Tuesday, August 2, 2011

First of Many Five

It occurs to me sometimes when I'm endlessly traversing teh interwebs that computers have almost entirely replaced books in the past 5 years of my life.

Paranoia creeps with this awareness: I was a straight A student with high ambitions!  I got an A+ on a paper about motherfucking Nietzsche!  Am I now, in my late 20s, wasting my life, ignoring my world, becoming a mindless, 120wpm typing, lolz kitteh obsessed, facebook stalking, kitsch sucking, tried-to-overlook-twitter-but-simply-could-not-god-damn-it, cafe haunting hipster zombie potato?

Or is this unceasing barrage of information actually nourishing my life, expanding my world, keeping me connected to people I otherwise would probably never talk to via the phone (puke) or snail mail (pffffffffff), offering me an encyclopedia humanica with everything I could ever hope to know or learn...

Is the internet a bold example of the potential to share a universal consciousness upon this blue and green and white and oh so pretty rock?

Is my new-found obsession with Twitter a sign of my soul's depravity and sickness?  Fuck you, it took me six years to actually start caring.  That puts me in the outer rings of hell away from you inner circle social media junkies.

In an attempt to reclaim my sense of free will and seize my destiny, I've started a blog (-2 integrity) that will catalogue 5 things that I learn from teh interwebs every day I'm on it, which is every day forever.  Actual knowledge, not another fucking insanely cute youtube clip featuring kittens on crack that can render the biggest Broseph of them all into a spirit-finger wielding ninny.

Although the initial purpose of this blog was to congratulate myself on a valiant attempt at "learning," and thus "winning," what's actually going to happen is that I'm going to become a random information encyclopedia that will kick your ass at Trivia Night. Every Night.

Boosh.

Here's what I learned today!!

1. There are more lighthouses in Michigan than any other state in the country.
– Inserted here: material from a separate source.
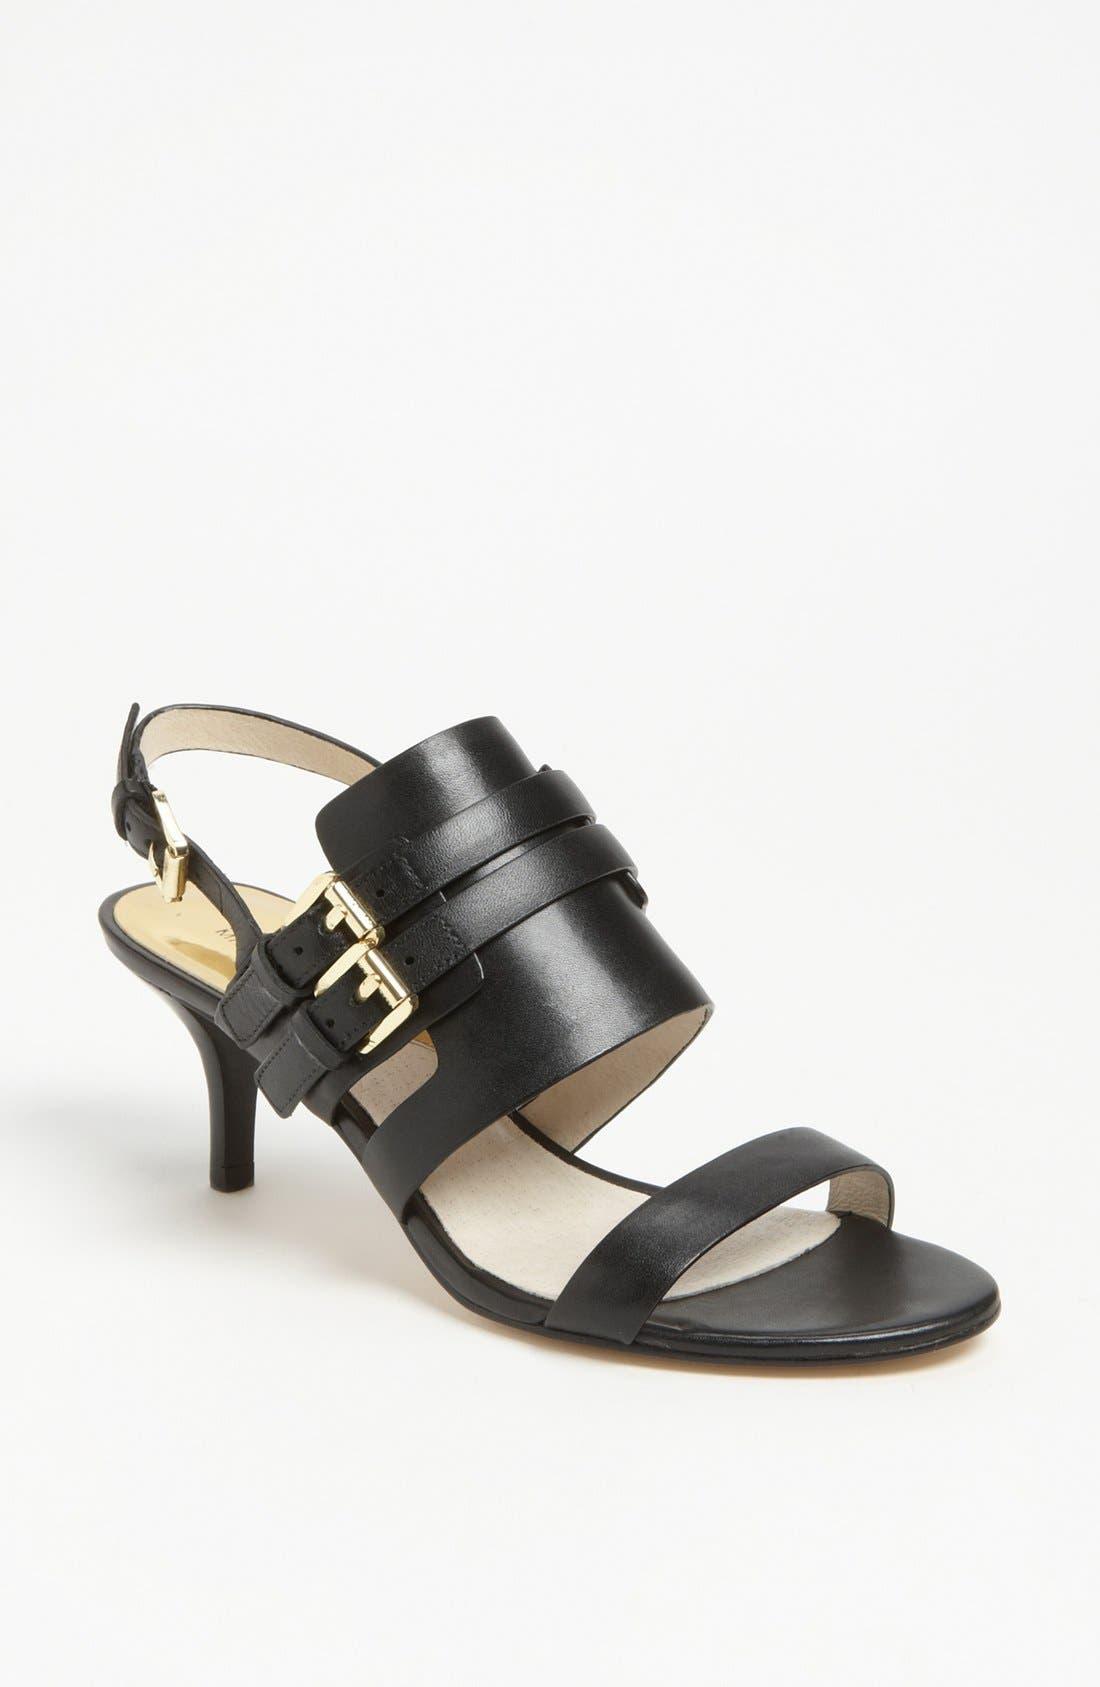 MICHAEL Michael Kors 'Melanie' Sandal

It is also the country's number one producer of blueberries, tart cherries and pickling cucumbers.  3 things I could eat forever and ever. 
2. There is a mushroom that exists, in real life, called Boletus luridiformis (formally known as Boletus erythropus) that is basically rainbow colored.
You can eat them if you prepare them right and they change color (yellowish green to blue) when you slice through them.
3. Colorado lays above 1,000 meters (3,281 ft) elevation, the only state in the country to do so.
I'm pretty sure we also have the sweetest flag in the country.  In your FACE, America!

4. Transcendentalism formed as a response, one of outrage and disdain, towards the intellectualism at Harvard University.  It encouraged the use of intuition to develop a more perfect spirituality, as opposed to religious doctrine and empirical understanding.
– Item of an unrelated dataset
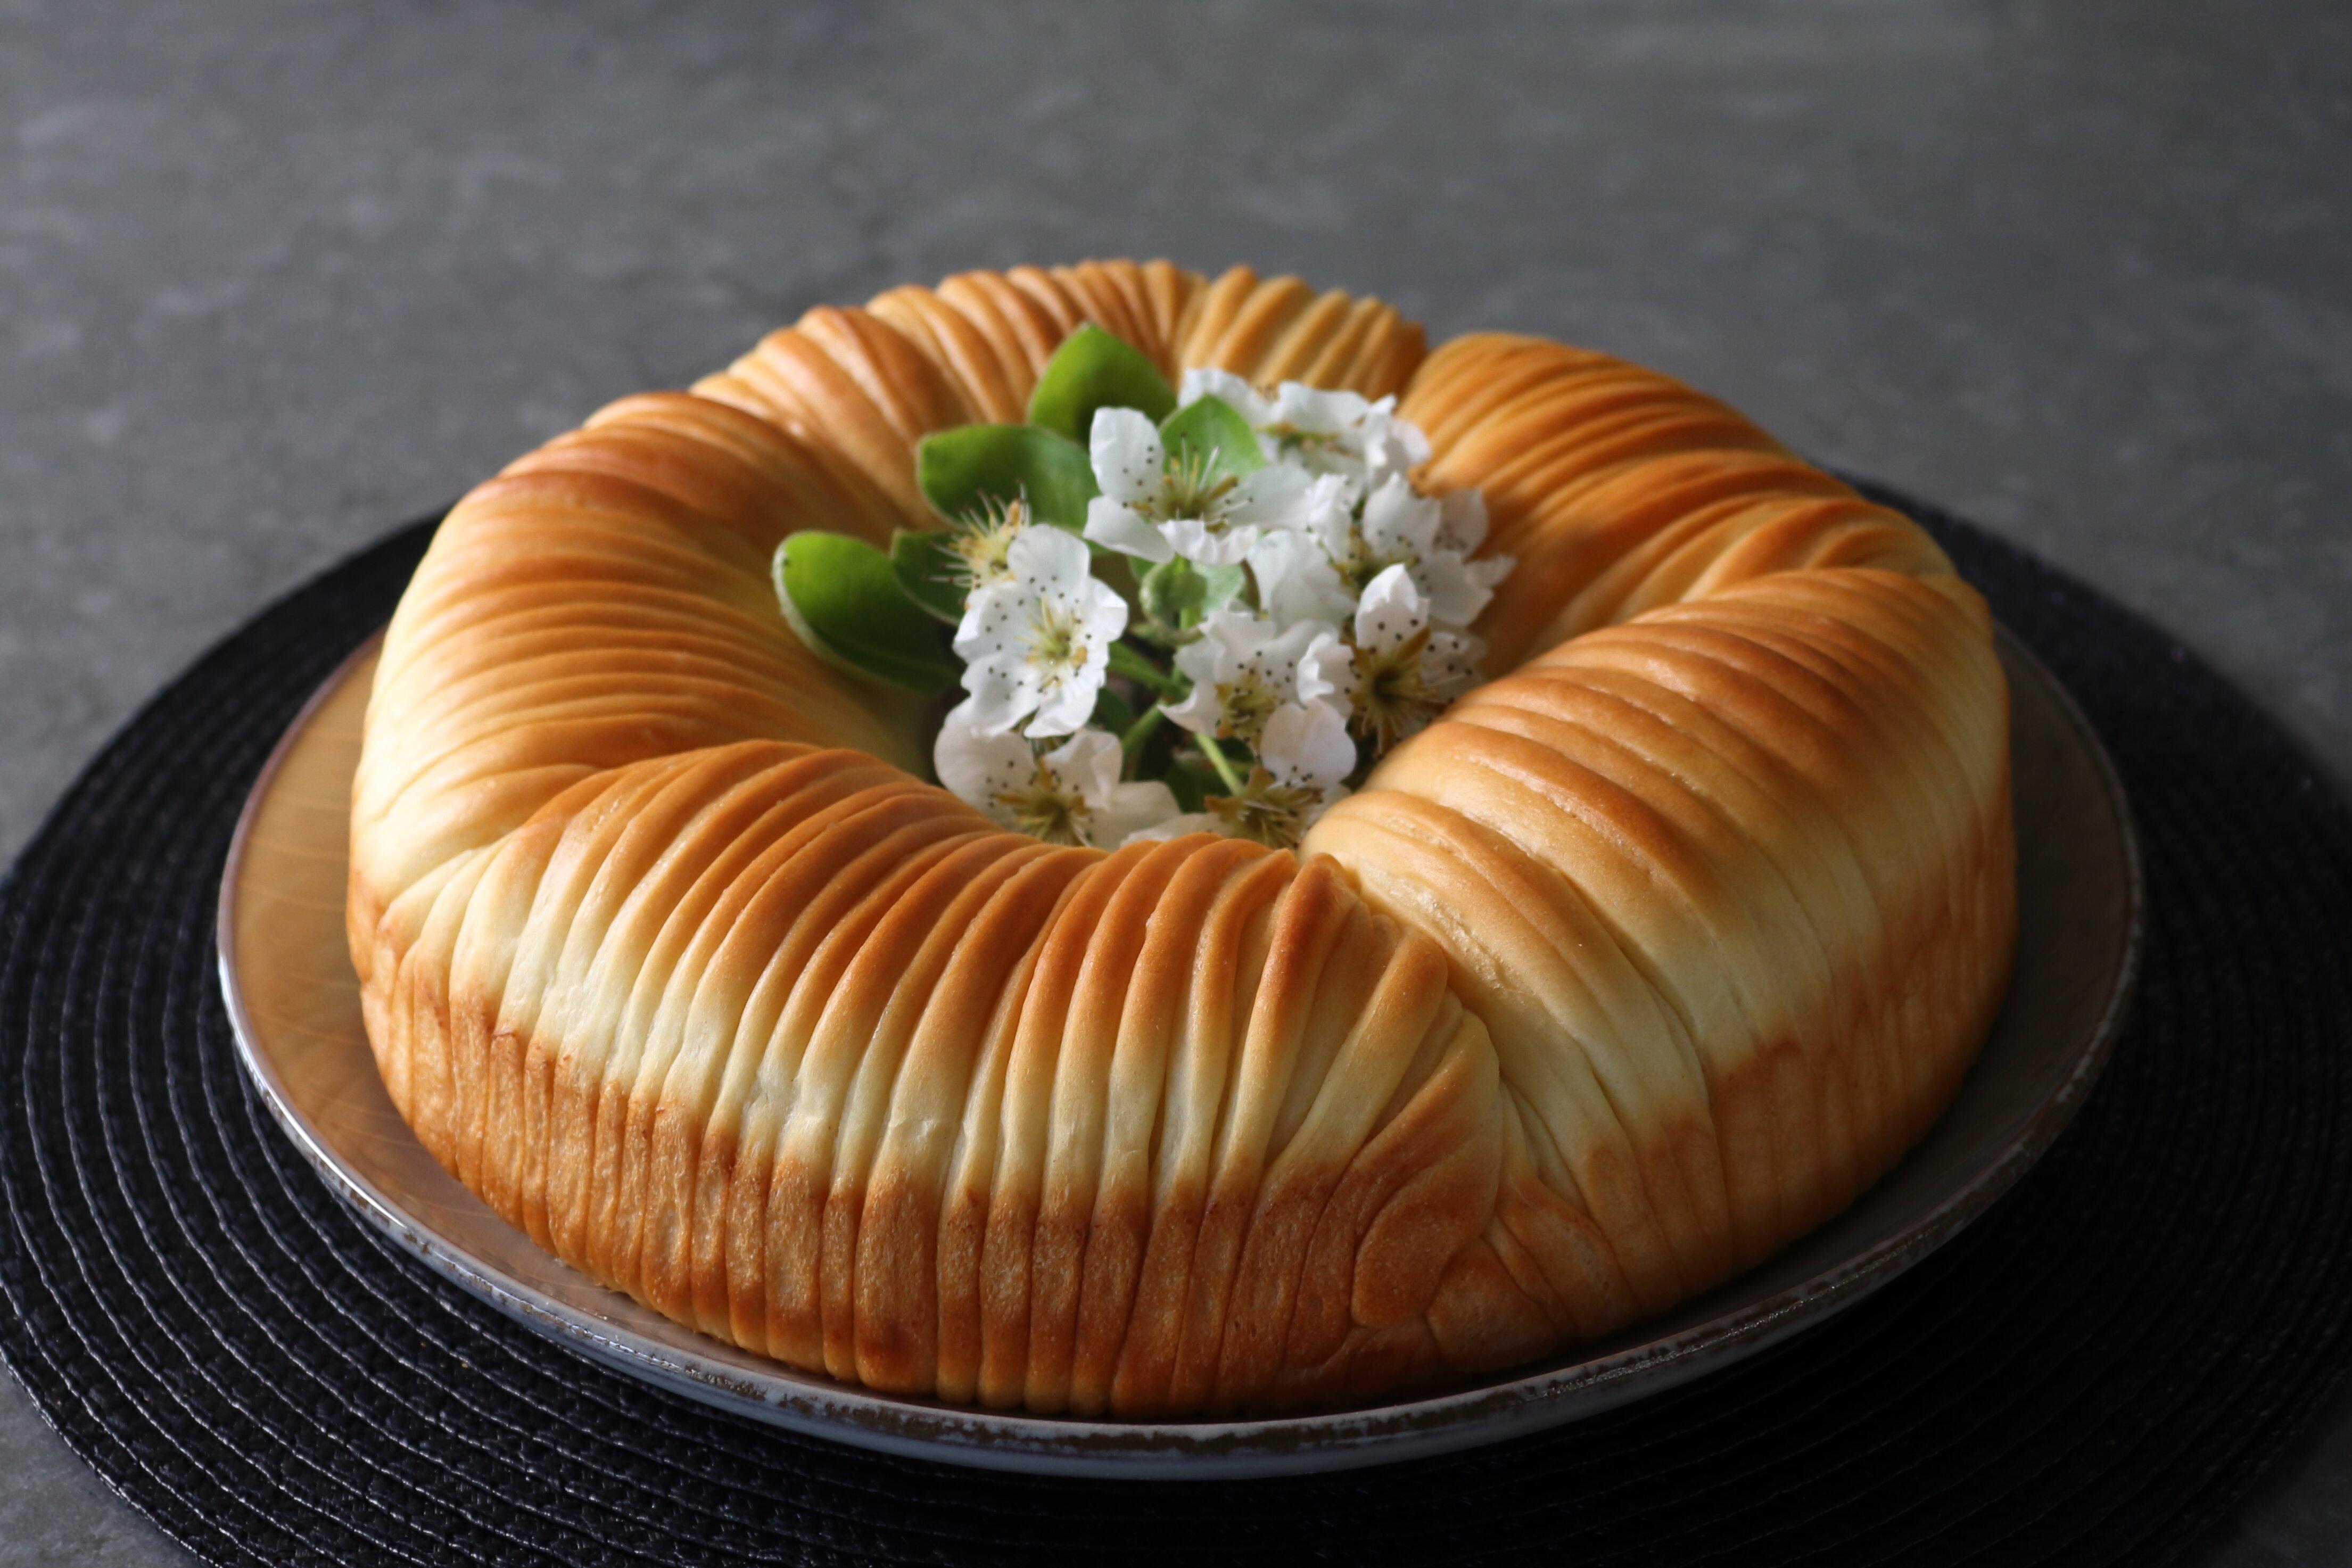 chef johns wool roll bread

5. Asafoetida, the dried latex gum of a ferula, is used as a digestive aid.  When raw, the spice has a repugnant aroma (giving it the names Devil's Dung and Stinking Gum) but when cooked gives off a gentle flavor of leeks.
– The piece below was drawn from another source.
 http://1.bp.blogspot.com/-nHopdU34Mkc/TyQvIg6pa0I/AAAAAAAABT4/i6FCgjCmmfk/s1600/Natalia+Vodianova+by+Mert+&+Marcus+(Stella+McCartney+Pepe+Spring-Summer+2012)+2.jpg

 I never would've even heard of that if I hadn't been reading a BOOK! A cerebral titillator by mah girl Ursuala K Le Guin called The Telling.  Get it.

Alrighty.  Entry one.  Cannonballing into riiight into the bleep bloop sea of information that is the internet.  A sea that prospers with ninja kittens, gems of hilarity like hyperbole and a half  and the pandora's box that is stumble upon.

Off we go into the cybergasm that is TEH INTERWEBS!!!!